Most districts have set policies that align with the research demonstrating the greatest academic benefits can be found by setting lower class size limits for younger grades. Typically, districts will establish clear limits in K-3 and begin to set higher limits starting in 4, 5, and 6—or they set no limit at all.
Among the districts that do specify class size limits for middle grades, for example, most Virginia school districts allow up to 35 students per classroom in grades 4-6. Los Angeles Unified School District in California allows up to 41 students per classroom at the 6th-grade level (the highest limit in the sample). Florida school districts provide the lowest middle-grade ceiling, limiting class sizes to 22.
In the case of secondary classrooms, where most districts don't have an explicit class size policy, Omaha Public Schools in Nebraska is notable. Middle school classrooms are capped at 16 students per classroom and high school classrooms capped at 20—substantially lower than the class sizes typically associated with secondary classes.
It is important to note that Florida districts, together with other districts around the country, have redefined the scope of once-strict class size policies, not only due to the extraordinarily high cost of lowering class sizes by even one student across a large district, but also the limited supply of teachers. That may explain why some Florida districts (and a few others) set class size limits on only "core curricula courses" for the secondary grades. The current legislative iteration of Florida's early 2000s well-known attempt to shrink class sizes does not define "core," creating a welcome loophole for those districts struggling to find teachers. In other districts, such as Albuquerque, or Chicago, class size limits are restricted to English classes, a nod perhaps to the higher workload experienced by English teachers.
A violation of class size restrictions in the vast majority of districts does not appear to have real consequences—at least not ones set in stone. Fifty-four percent of the districts in our sample that have defined class size limit policies fail to mention any consequences if a school exceeds the class size limits. In a small percentage of cases (10%), the prescribed actions appear relatively benign, including a requirement to notify parents, requesting meetings with the principal, administrators notifying the superintendent, or the formation of an unspecified "committee". Less than a third of districts with class size limit policies require measures that cost a district money, such as assigning a paraprofessional, increasing the teacher's pay, or creating additional classes.

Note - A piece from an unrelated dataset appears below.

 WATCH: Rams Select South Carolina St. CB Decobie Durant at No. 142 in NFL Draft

The lack of enforceability of class size policies could be a symptom of the impractical nature of implementing class size reduction policies across the board. Our colleague Marguerite Roza at the Edunomics Lab has written extensively about this issue, offering sound advice for districts.

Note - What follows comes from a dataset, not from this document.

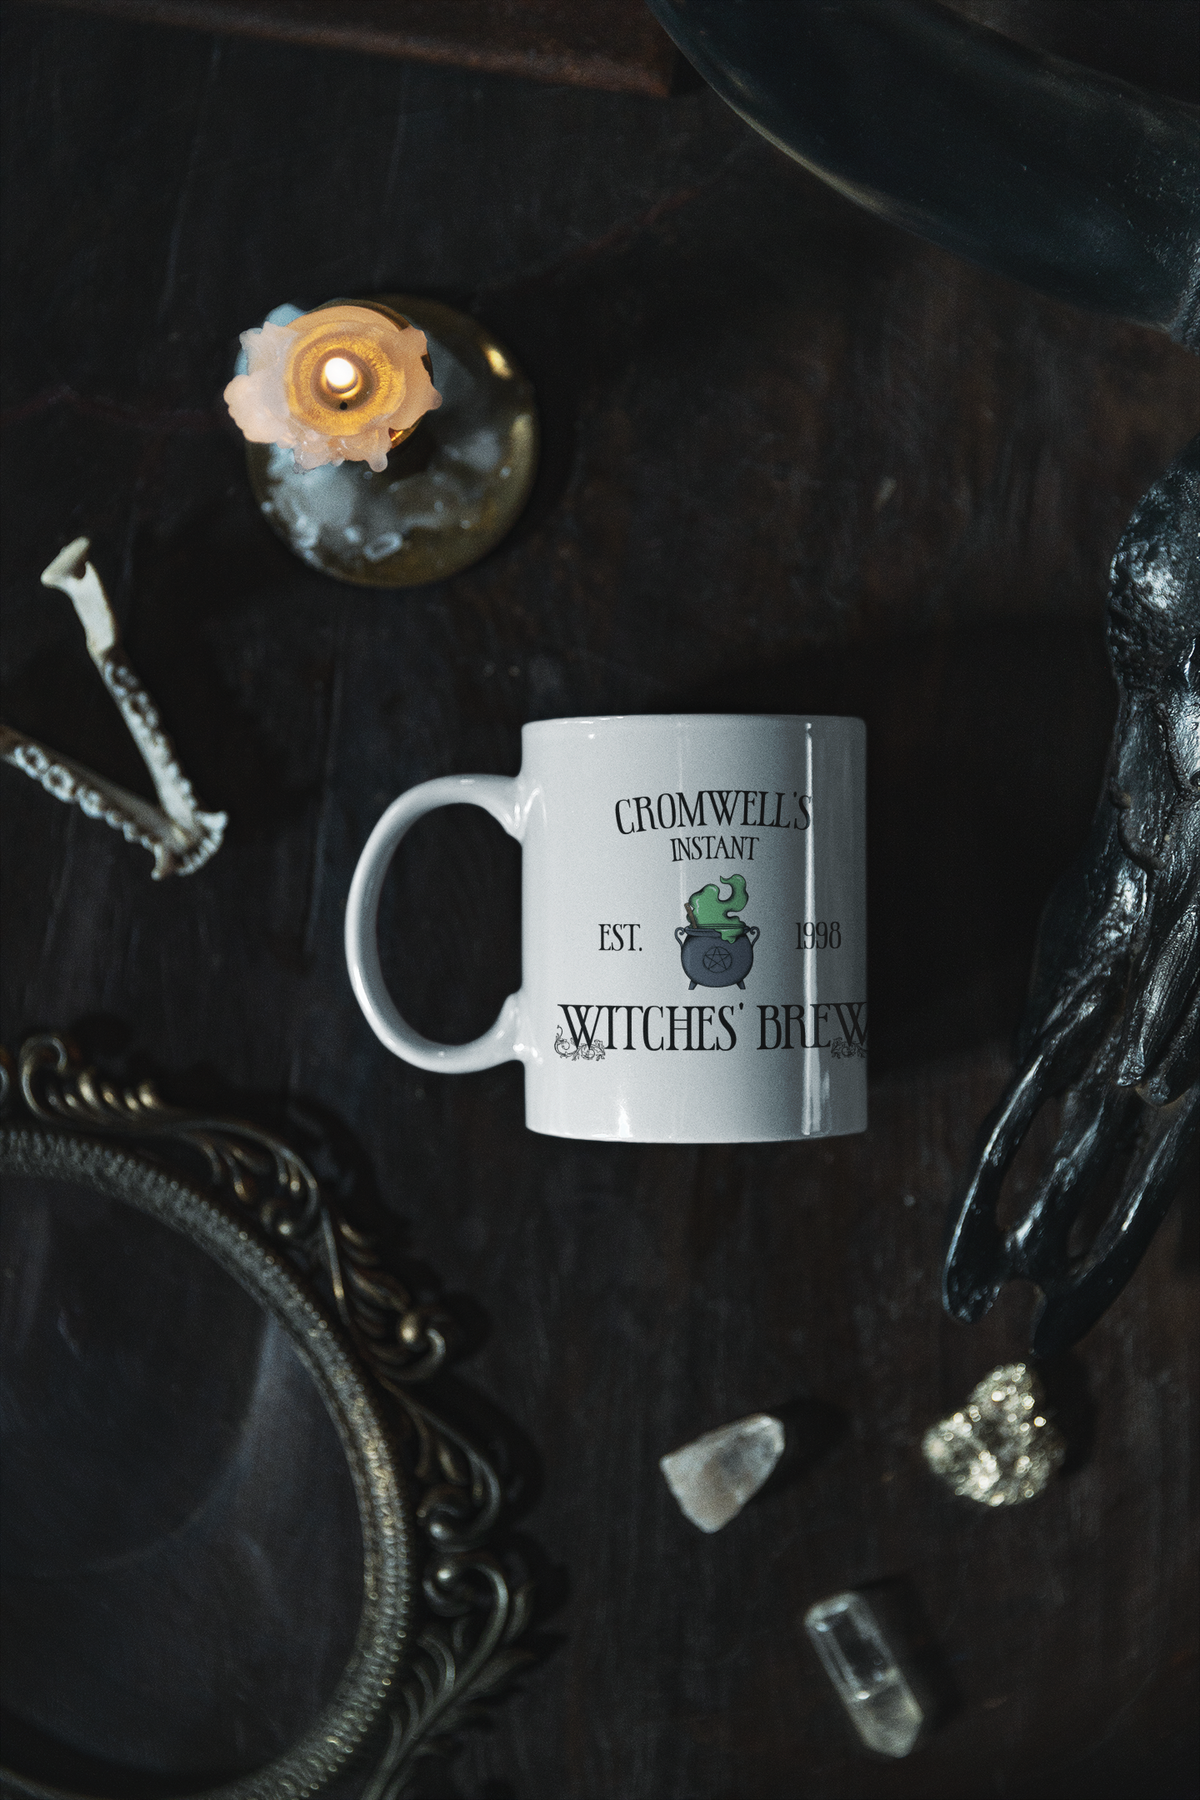 Cromwell's Instant Witches' Brew Mug

What is striking about the many approaches districts take in this regard is the absence of efforts to reduce class sizes for economically disadvantaged students, where research has shown clear academic benefits, especially in the early grades. Only a few districts in our sample, such as Boston, New York City, St. Paul, Minneapolis, and Anne Arundel, have specified lower class size limits for high-poverty schools. These limits are usually one to three students per class lower than their standard class size limits. As school districts begin to spend down their ESSER funds, and assuming there are available teachers to hire, devoting a portion of funds to this kind of targeted class size reduction is very much in the spirit the funding was formulated, and would achieve a less congested learning environment, something both students and teachers would welcome.